Intratumoral Immunotherapy—Update 2019

Abstract

Abstract Intratumoral immunotherapies aim to trigger local and systemic immunologic responses via direct injection of immunostimulatory agents with the goal of tumor cell lysis, followed by release of tumor-derived antigens and subsequent activation of tumor-specific effector T cells. In 2019, a multitude of intratumoral immunotherapies with varied mechanisms of action, including nononcolytic viral therapies such as PV-10 and toll-like receptor 9 agonists and oncolytic viral therapies such as CAVATAK, Pexa-Vec, and HF10, have been extensively evaluated in clinical trials and demonstrated promising antitumor activity with tolerable toxicities in melanoma and other solid tumor types. Talimogene laherparepvec (T-VEC), a genetically modified herpes simplex virus type 1–based oncolytic immunotherapy, is the first oncolytic virus approved by the U.S. Food and Drug Administration for the treatment of unresectable melanoma recurrent after initial surgery.
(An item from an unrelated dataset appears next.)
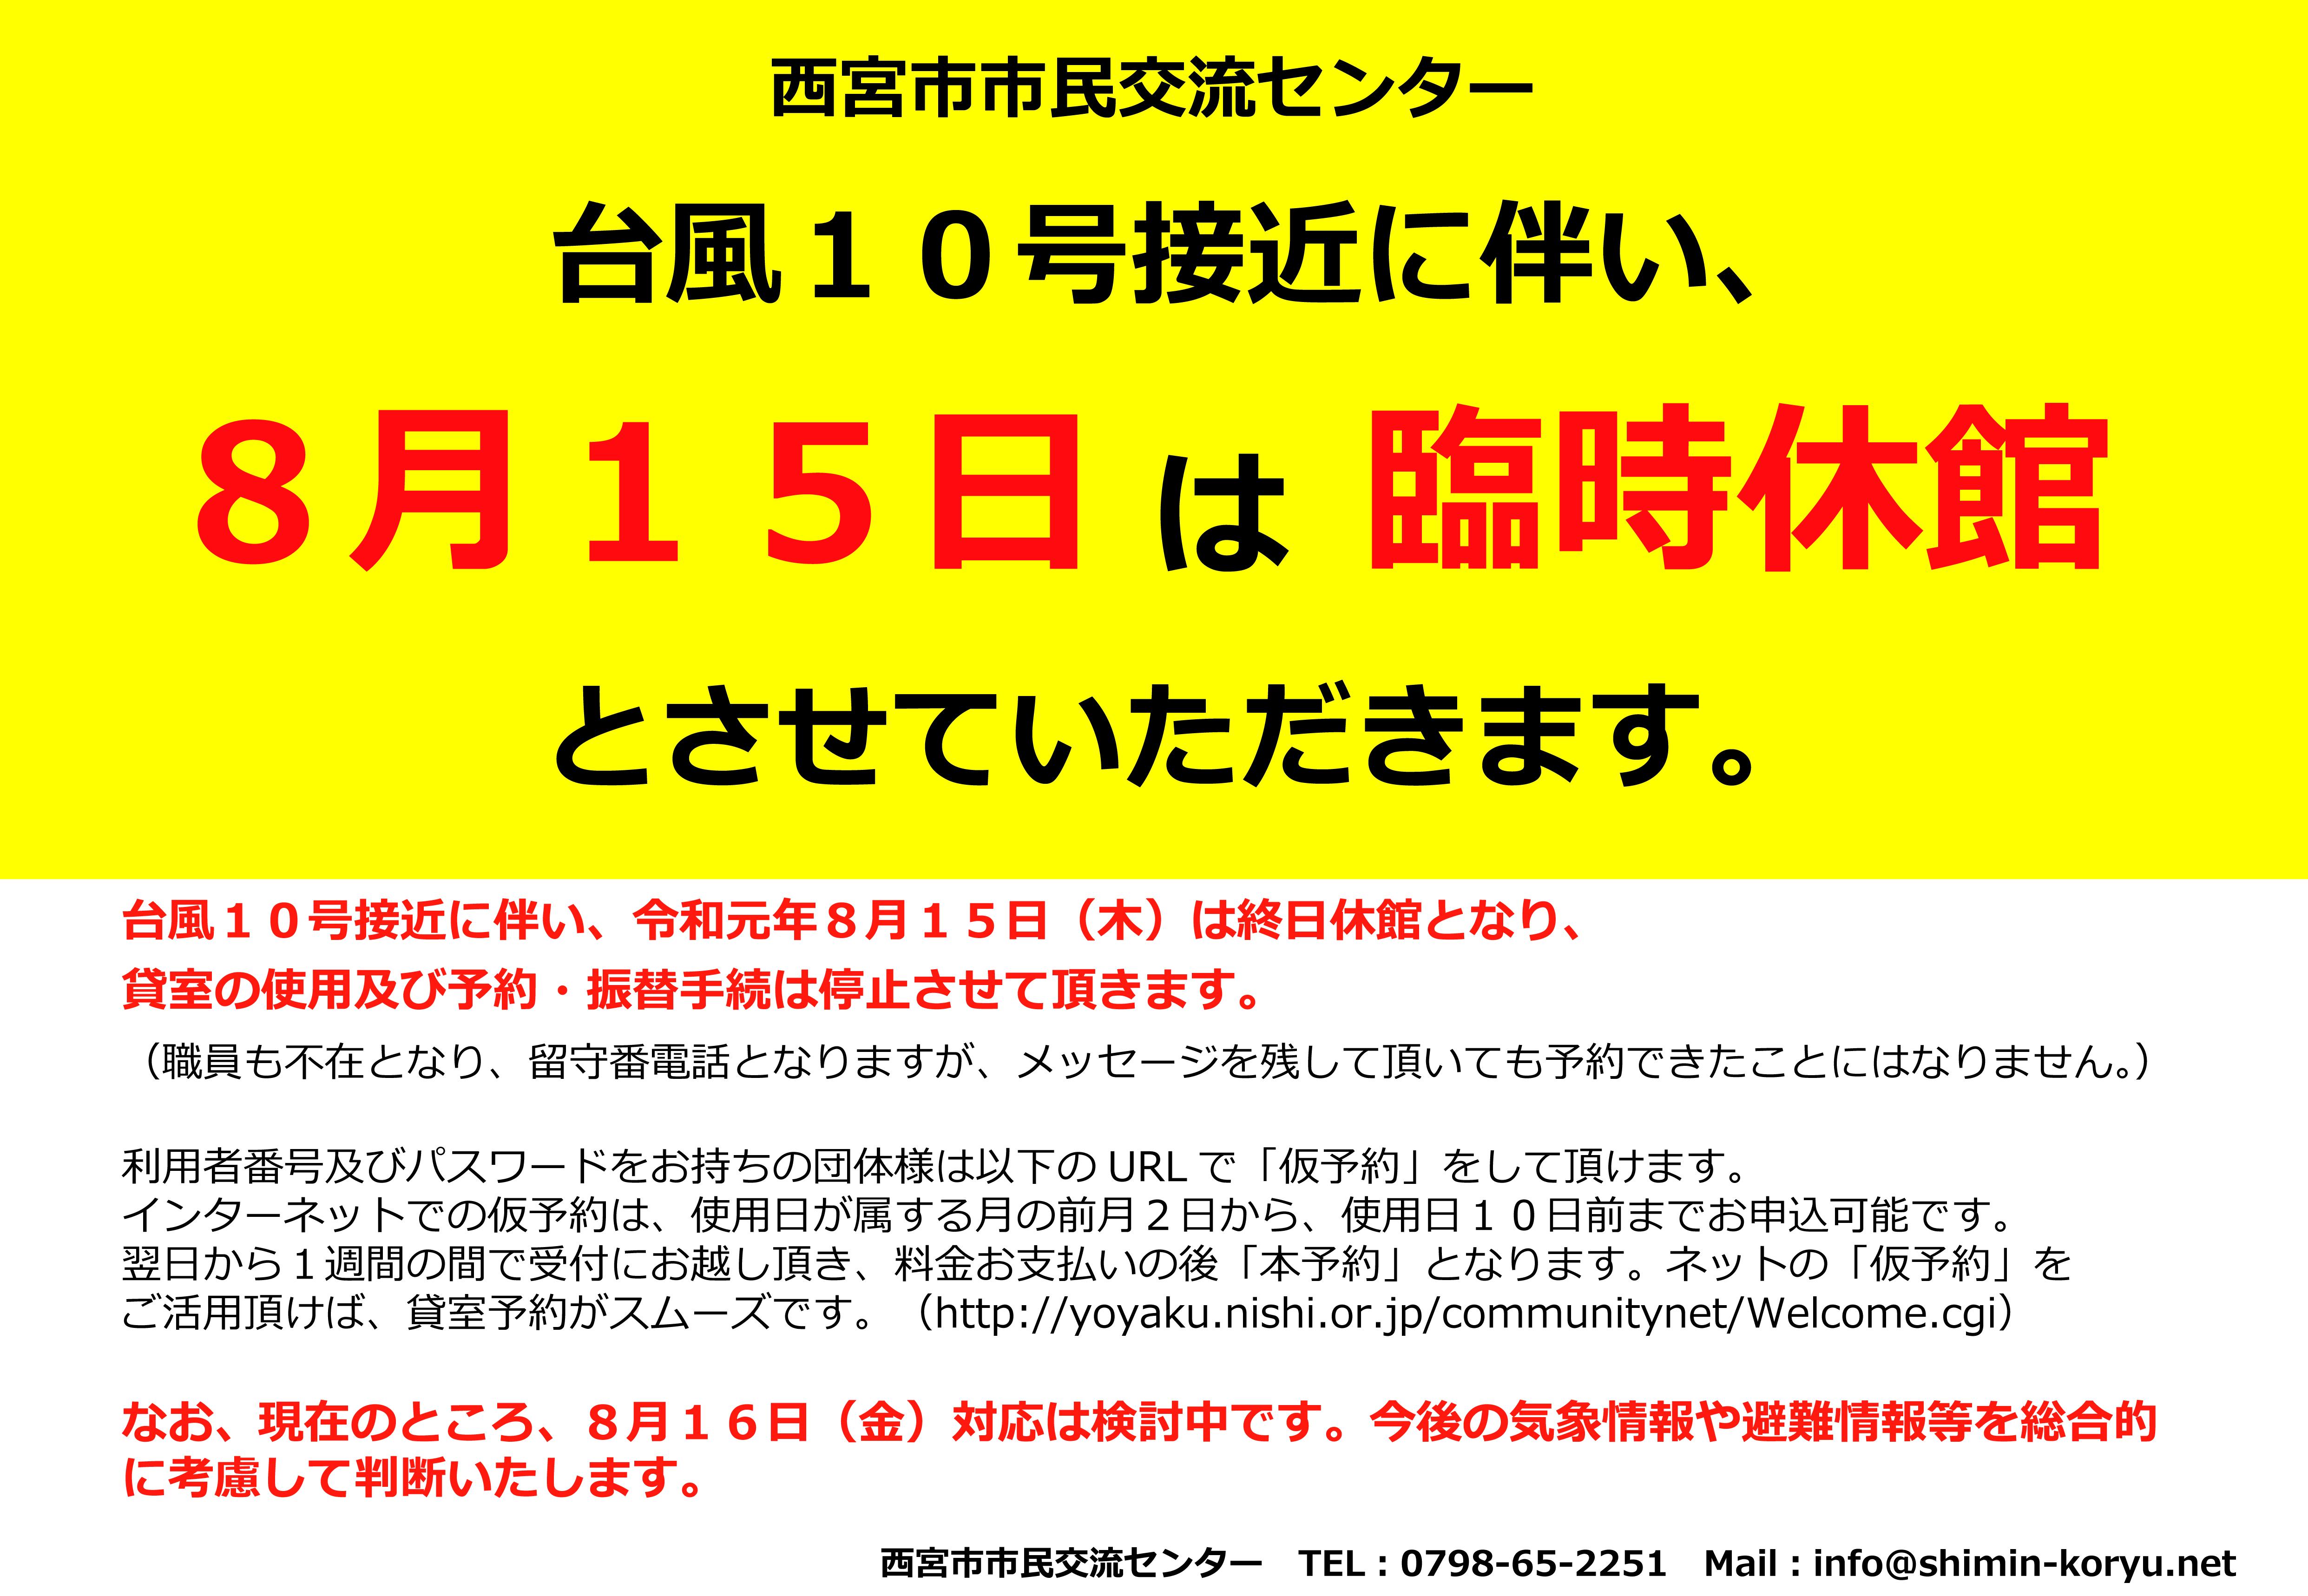 台風10号に伴う閉館張り紙
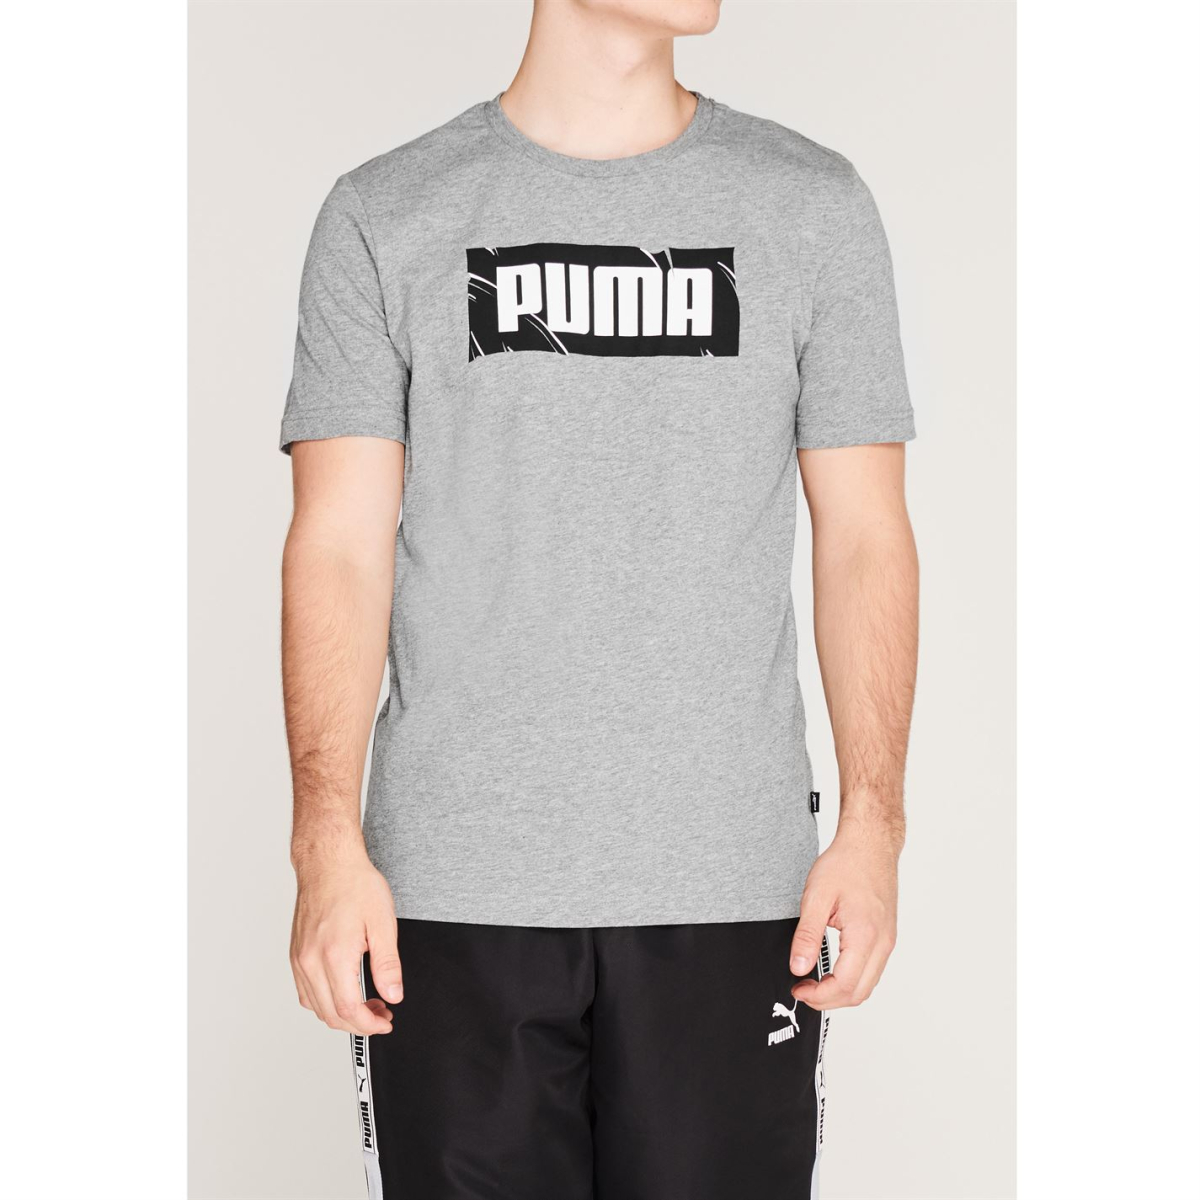 Lonsdale T-Shirt Herren TShirt T shirt Tee Kurzarm Rundhals Freizeit 2252

In patients with unresectable metastatic melanoma, T-VEC demonstrated a superior durable response rate (continuous complete response or partial response lasting ≥6 months) over subcutaneous GM-CSF (16.3% vs. 2.1%; p < .001). Responses were seen in both injected and uninjected lesions including visceral lesions, suggesting a systemic antitumor response. When combined with immune checkpoint inhibitors, T-VEC significantly improved response rates compared with single agent; similar results were seen with combinations of checkpoint inhibitors and other intratumoral therapies such as CAVATAK, HF10, and TLR9 agonists. In this review, we highlight recent results from clinical trials of key intratumoral immunotherapies that are being evaluated in the clinic, with a focus on T-VEC in the treatment of advanced melanoma as a model for future solid tumor indications.